New York Law Journal September 7, 1982 Page 1, Column 1




Yüklə 16.04 Kb.
tarix20.04.2016
ölçüsü16.04 Kb.


New York Law Journal

September 7, 1982


Page 1, Column 1

James C. Goodale, former vice chairman of The New York Times, is a member of Debevoise & Plimpton, chairman of the Communications Law Committee of The Association of the Bar of the City of New York and chairman of the Committee on Public Access to Information and Proceedings of the New York State Bar Association.

The assistance of Kenneth Taber in the preparation of this article is acknowledged with thanks.

Media Law

By James C. Goodale



New York Lags On Televising Trials

After banning television coverage of trials for thirty years, the American Bar, Association finally voted last month at Its annual meeting, by a margin of 162-112, to lift that antiquated prohibition. In stark contrast, the New York State Senate voted 36-19 in July to keep New York’s ban against such coverage – also thirty years old – in place. The televising of judicial proceedings is already permitted in thirty-eight states.1 The ABA vote recognizes that television in the courtroom nationwide is inevitable and that remaining opposition by the organized bar has become increasingly outdated with more and more states moving independently to open their courtrooms to the public.

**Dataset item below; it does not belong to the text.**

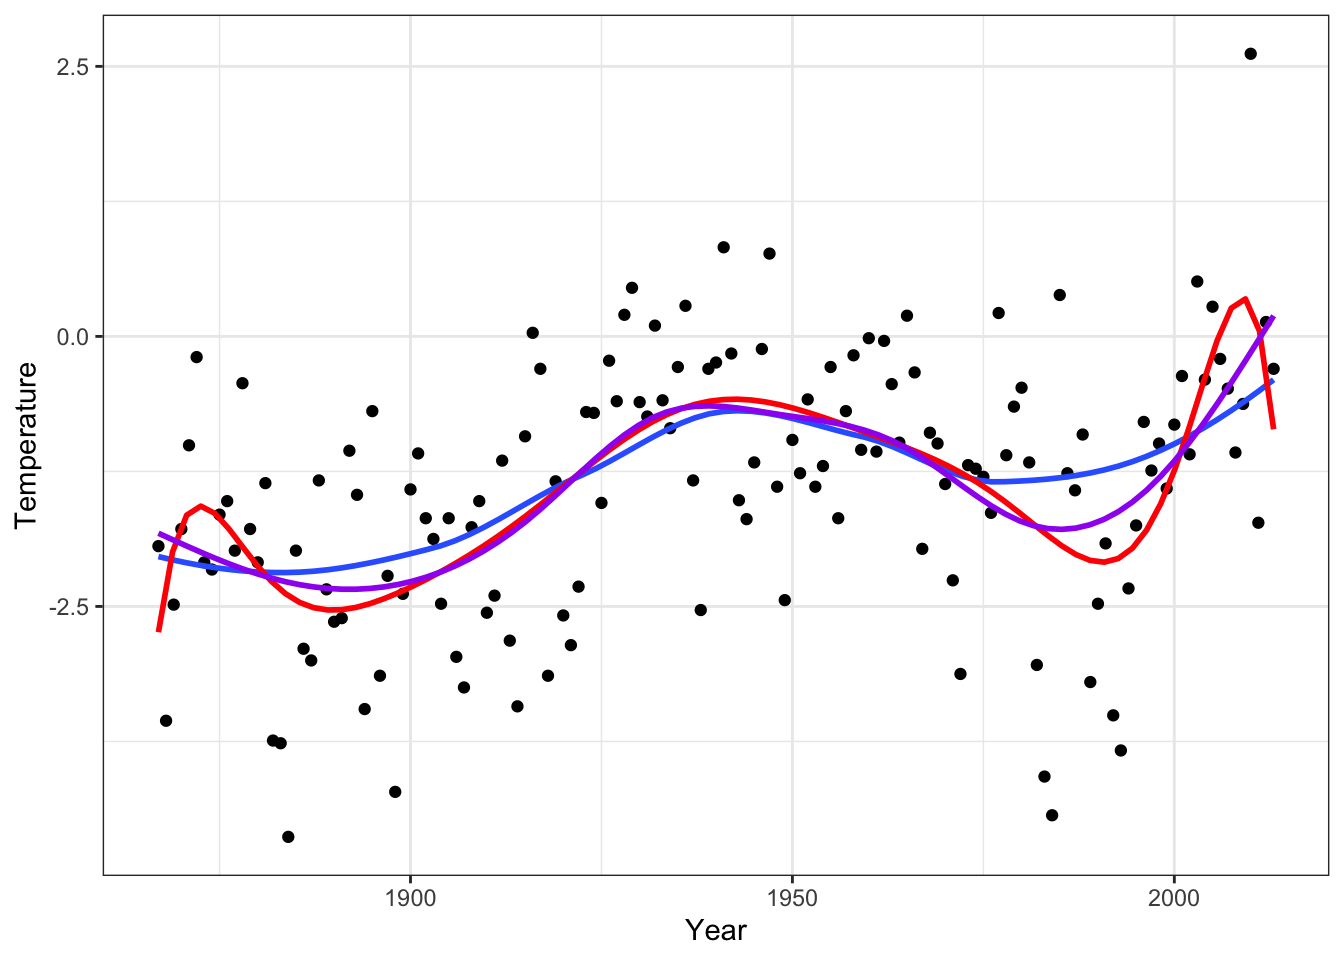 Nuuk average yearly temperature in degrees Celsius (left) smoothed using loess (black), a degree 10 polynomial (red) and a smooth spline (purple). Nuuk average monthly temperature against Qaqortoq average montly temperature (right) smoothed using a straight line (red) and a smooth spline (purple).

No doubt, last month’s vote by the ABA will speed action by the remaining states to permit television in the courts. In most instances this will be accomplished through adoption of court rules. For example, a rule to permit such coverage is now pending before the Illinois Supreme Court which recently put off its vote on the issue because, according to some sources, it was awaiting the outcome of the ABA vote.

Law in New York

In New York, the statutory prohibition against television coverage -- Section 52 of the Civil Rights Law -- still prohibits television coverage of any courtroom proceeding to which witnesses are or may be subpoenaed. Even though Section 52 may not be constitutional under New York’s separation-of-powers doctrine, supporters of TV in New York courtrooms have nevertheless chosen the legislative route of attack, via amendment, rather than a direct constitutional challenge to the statute.

It was just such an amendment that was defeated two months ago by the State Senate. The bill, which was first considered by the State Assembly, was defeated in that house the first time around when supporters could muster only seventy-five of the seventy-six necessary votes, and Assembly Speaker Stanley Fink cast his deciding vote against the amendment. But the Assembly reconsidered its vote just a few days later and that time passed the bill, 78-75.

Only a year ago, the Assembly overwhelmingly rejected similar legislation, by a vote of 104-34. The earlier bill, which never made it to the Senate, would have amended Section 52 to permit TV coverage on a permanent basis under rules drawn up by the Court of Appeals. A draft of those rules, based largely upon the recommendations of a Media Advisory Committee headed by Presiding Justice A. Franklin Mahoney of the Appellate Division, Third Department, has already been endorsed by the Court of Appeals.



The Last Bill

This year’s bill, unlike last year’s, merely established a nineteen-month experimental period for television coverage. The legislation provided that the State Legislature would review the results of the experiment, and determine whether the televising of trials should become permanent in New York, as it already is in twenty-four states, including New Jersey.

In Chandler v. Florida,2 the Supreme Court unanimously called for such experimentation with TV in the courtroom.3 The Court held for the first time that television in the courtroom was not per se unconstitutional. Under Chandler a defendant would only be entitled to show why, in his particular case, television coverage was prejudicial.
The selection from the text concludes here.